Archaeological RNN Tutorial (Part 2): How to Use RNN Networks for Sequence Prediction

Introduction

In the previous chapter, we explained the basic structure and principles of RNN, as well as how to use PyTorch's pack_padded_sequence and pad_packed_sequence functions to handle variable-length batch data.

This chapter mainly introduces how to use these functions to build an RNN model capable of training classification tasks, and how to write batch training scripts.

Finally, we also include some parameter tuning tips for sequence networks 😊

Series Directory

Archaeological RNN Tutorial (Part 1): Understanding How PyTorch RNN Handles Variable-Length Batch Training — Introduction to RNN principles and methods for handling variable-length sequence batches
Archaeological RNN Tutorial (Part 2): How to Use RNN Networks for Sequence Prediction — Training an RNN classification network for sequence sum and remainder calculation, plus some parameter tuning tips

Training Task Introduction

We use the sequence sum and remainder calculation task to verify the performance of the RNN model.

Sequence Sum and Remainder Calculation: The dataset consists of input-output pairs (X, Y), formally defined as follows:

Model Input X:
A random integer sequence of arbitrary length $ n \in \mathbb{N}^+ $, $ X = (x_1, x_2, \dots, x_n) $, where each element $ x_i $ is independently and identically distributed from the set $ {0, 1, 2, \dots, 9} $, i.e.:
$x_{i} \overset{i.i.d.}{\sim} Uniform {0, 1, \dots, 9}, \forall i = 1, \dots, n$
Target Output Y:
The result of taking the sum of all elements in the sequence modulo 10:
$Y = (\sum_{i = 1}^{n} x_{i}) mod 10$

Here are some dataset examples:

Model Input X	Calculation Process	Target Output Y
`[3, 7, 1, 9]`	(3+7+1+9) = 20 → 20 mod 10	`0`
`[5]`	5 mod 10	`5`
`[1,2,3,4,5,6,7,8,9,0]`	45 mod 10	`5`
`[8, 8, 8]`	24 mod 10	`4`

This task can be considered as a sequence-to-scalar mapping problem, with the goal of learning the mapping function from arbitrary-length digit sequences to the sum of their digits modulo 10. Due to variable input lengths and random elements, this dataset can be used to test the RNN model's ability to model variable-length sequences, perform modular arithmetic reasoning, and generalize.

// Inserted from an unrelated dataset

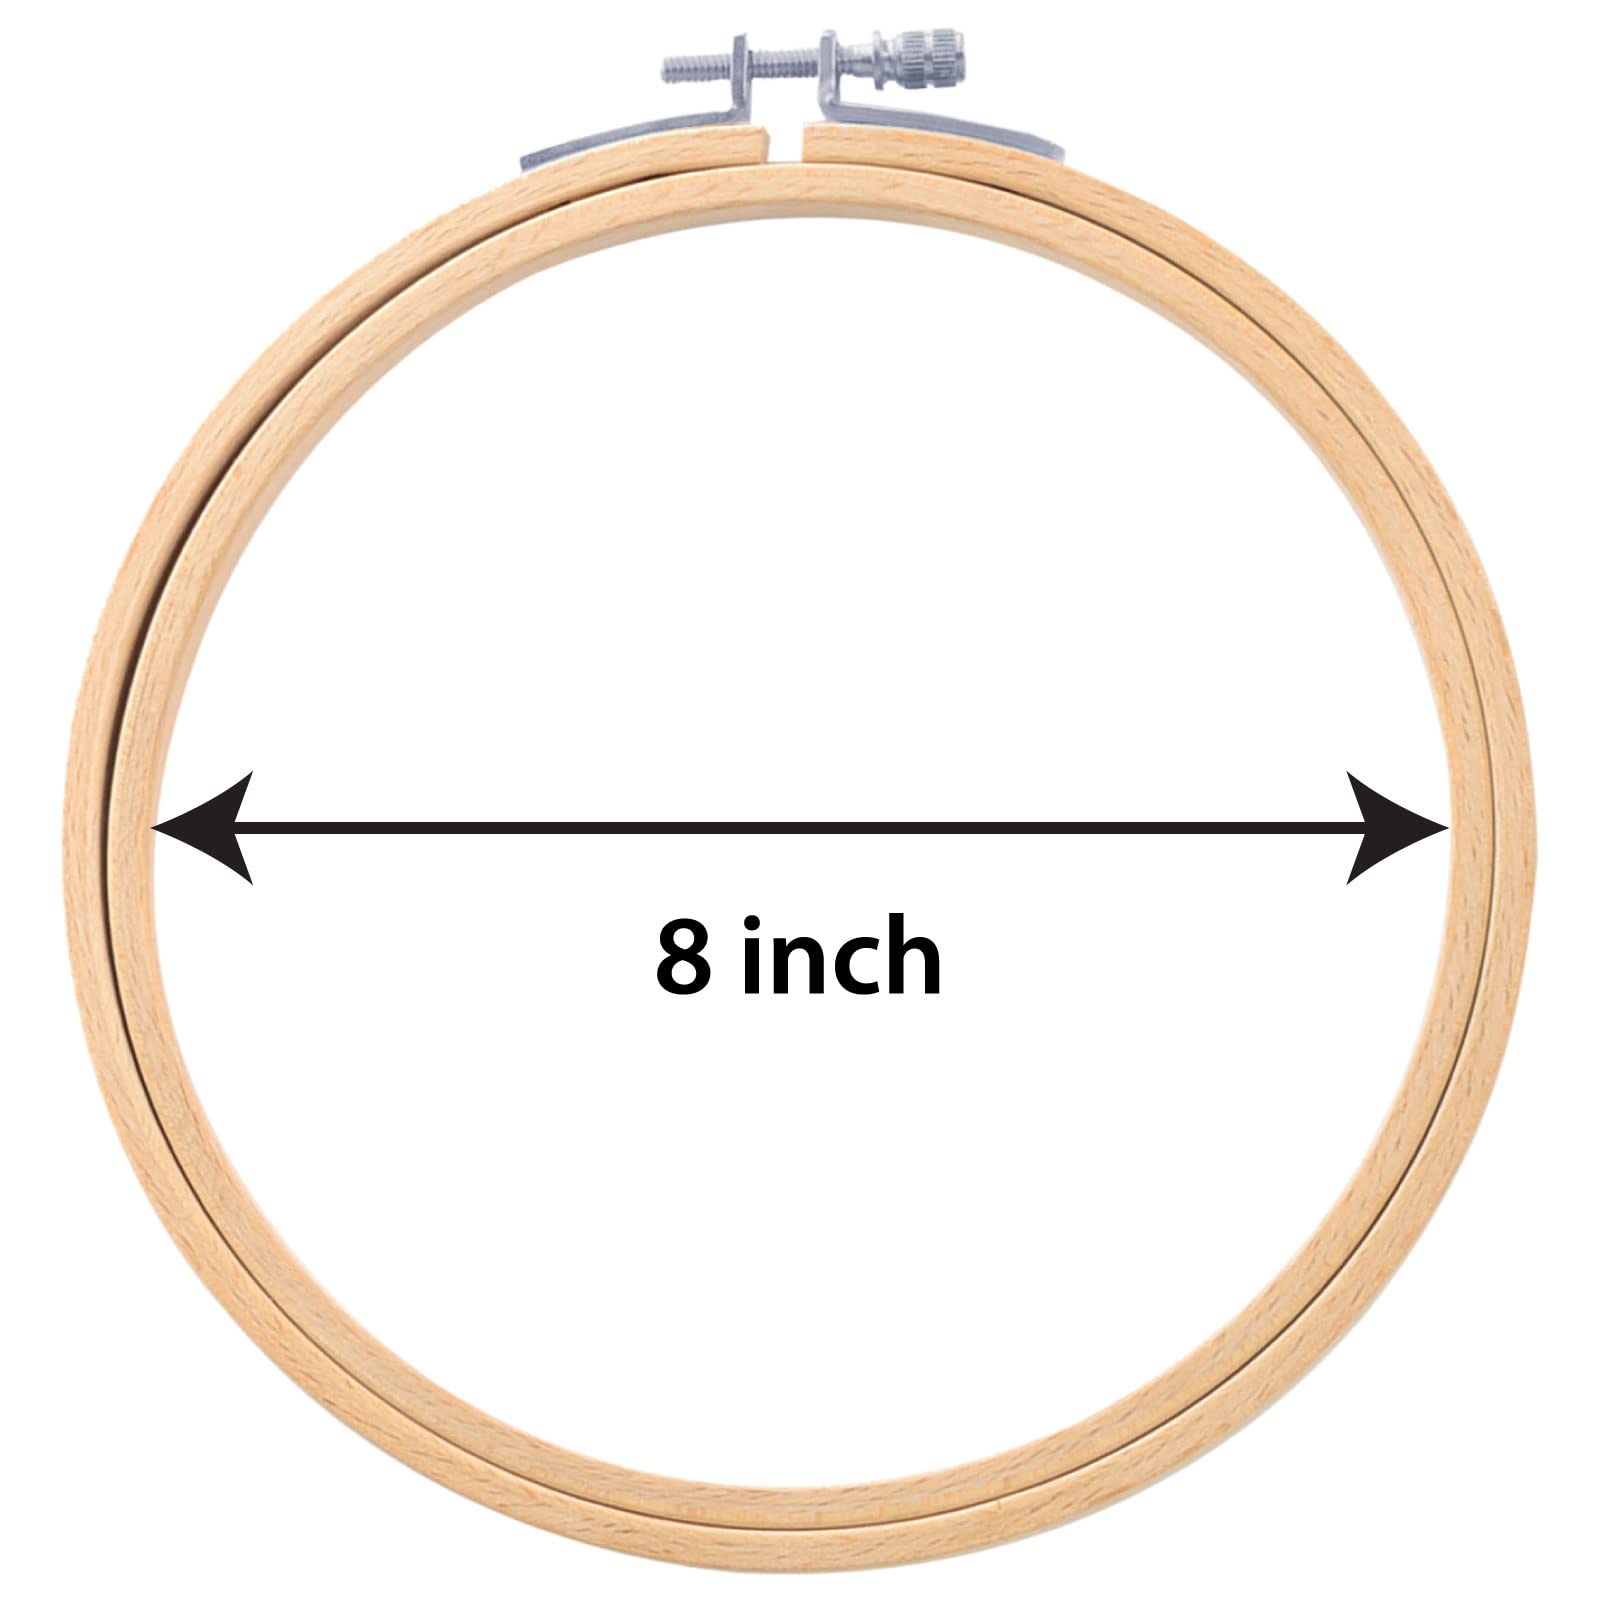 Wooden Embroidery Hoop – 12 inch – Craftersdream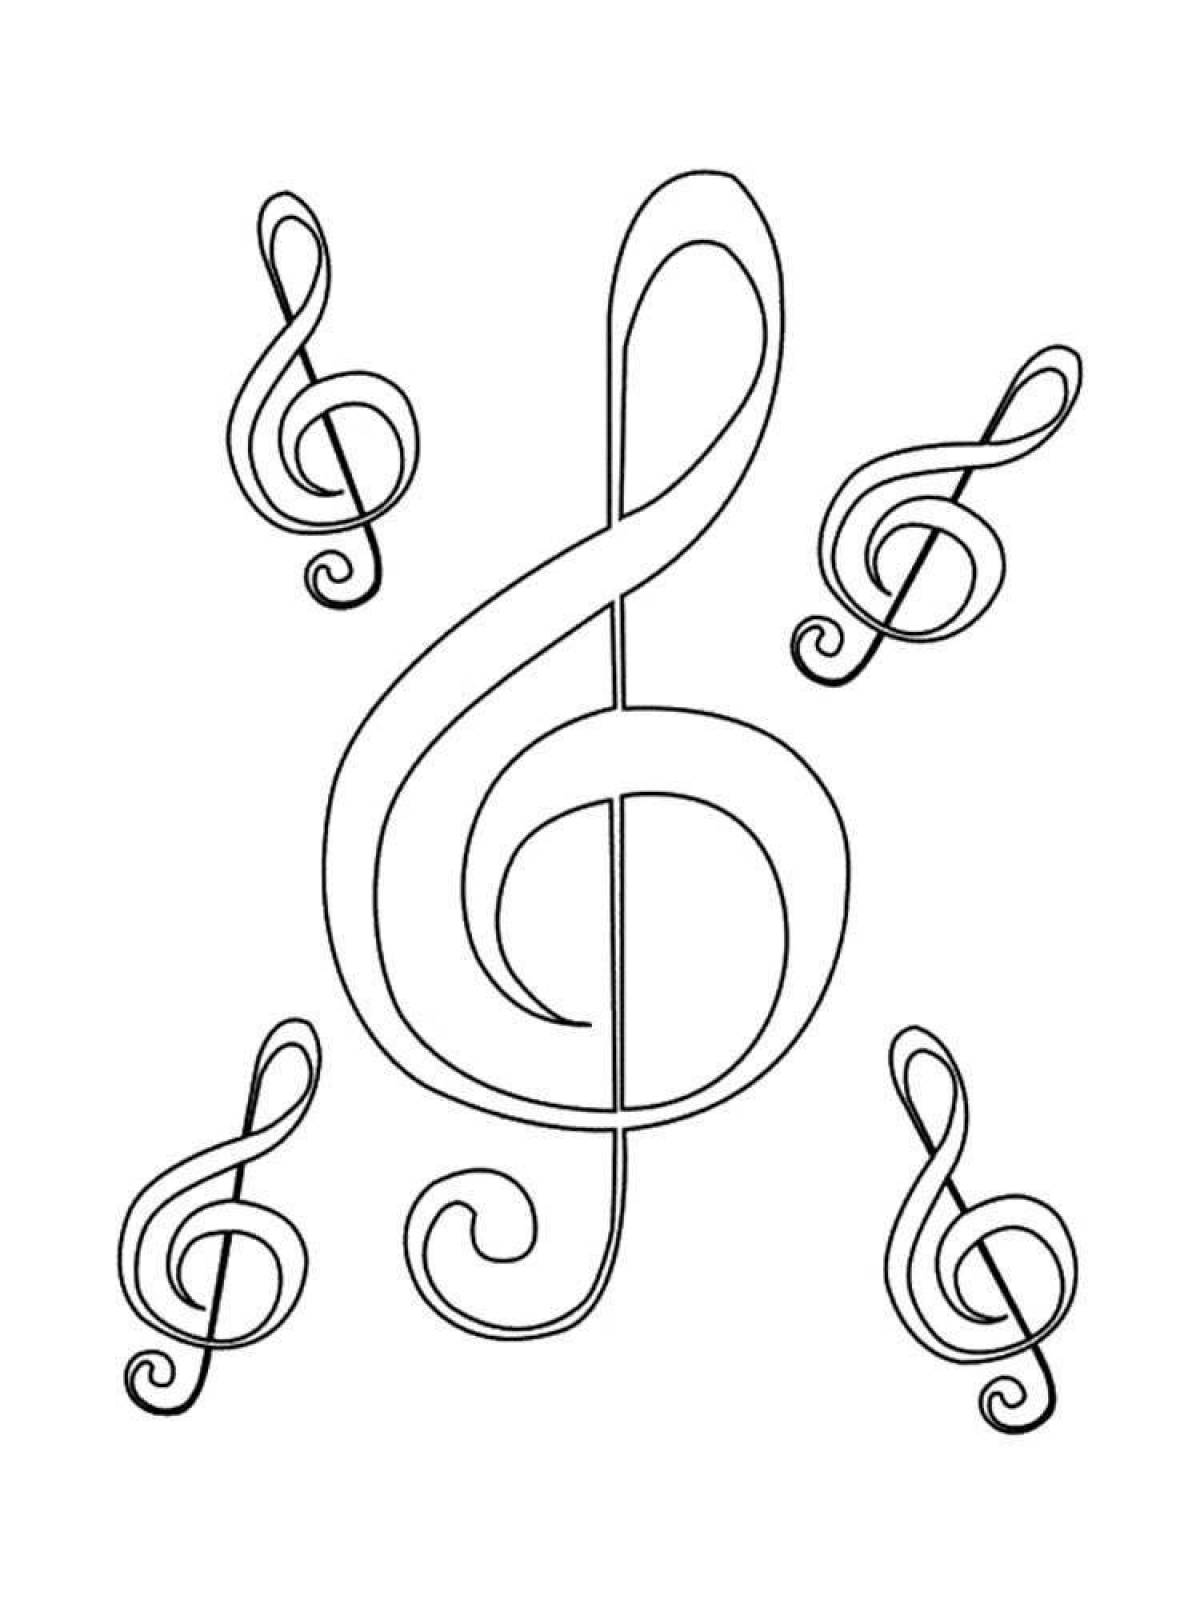 Music notes and treble clef #7

The PyTorch code for synthesizing this dataset is as follows:

python

# Variable-length dataset, X is a sequence of 0-N, Y is the sum of the sequence modulo N+1, range also 0-N
class SeqSumModDataset(IterableDataset):
    def __init__(self, total_samples=None, min_seq_len=2, max_seq_len=5, max_number=4):
        """
        :param total_samples: Total number of samples (None = infinite generation)
        :param min_len: Minimum sequence length
        :param max_len: Maximum sequence length
        :param max_number: Maximum number that can appear in the sequence
        """
        self.total_samples = total_samples
        self.min_len = min_seq_len
        self.max_len = max_seq_len
        self.max_number = max_number
        self.count = 0  # Counter for limiting total samples

    def __iter__(self):
        self.count = 0  # Reset counter each time iteration restarts
        return self

    def __next__(self):
        # Control epoch
        if self.total_samples is not None and self.count >= self.total_samples:
            raise StopIteration

        # Dynamically generate a sample
        seq_length = random.randint(self.min_len, self.max_len)
        input_seq = [random.randint(0, self.max_number) for _ in range(seq_length)]
        target_num = sum(input_seq) % (self.max_number + 1)
        self.count += 1
        return input_seq, seq_length, target_num

Building the Prediction Model

Since this is a "discrete sequence → discrete number" prediction task, it can be treated as a sequence classification task. Input is a variable-length discrete sequence, output is one of the 10 digit categories (0-9). We can build a "many to one" model. The model architecture designed by the author is as follows:

rnn — Network architecture diagram, using embedding to convert sequence digits to vectors, followed by multi-layer RNN network and FFN classification head

As shown in the diagram, the sequence is converted to vectors by the embedding network, then fed into multi-layer stacked RNN networks, using the last hidden state $ h_n $ of the last RNN layer to predict the sum of the last input sequence.

Of course, readers might ask why bother with an embedding model when it's simpler to convert the input sequence $ x_i $ to one-hot encoding or directly map to floating-point numbers?

Actually, both approaches are correct hhh, but the author uses the embedding model to help readers better understand how text token sequences are processed in natural language. As for why not convert to scalars, scalar values would indeed allow the model to converge faster since numbers, unlike characters, inherently have magnitude relationships. Considering RNN's excellent performance in natural language tasks, this implementation makes it easier to migrate the network to NLP tasks in the future.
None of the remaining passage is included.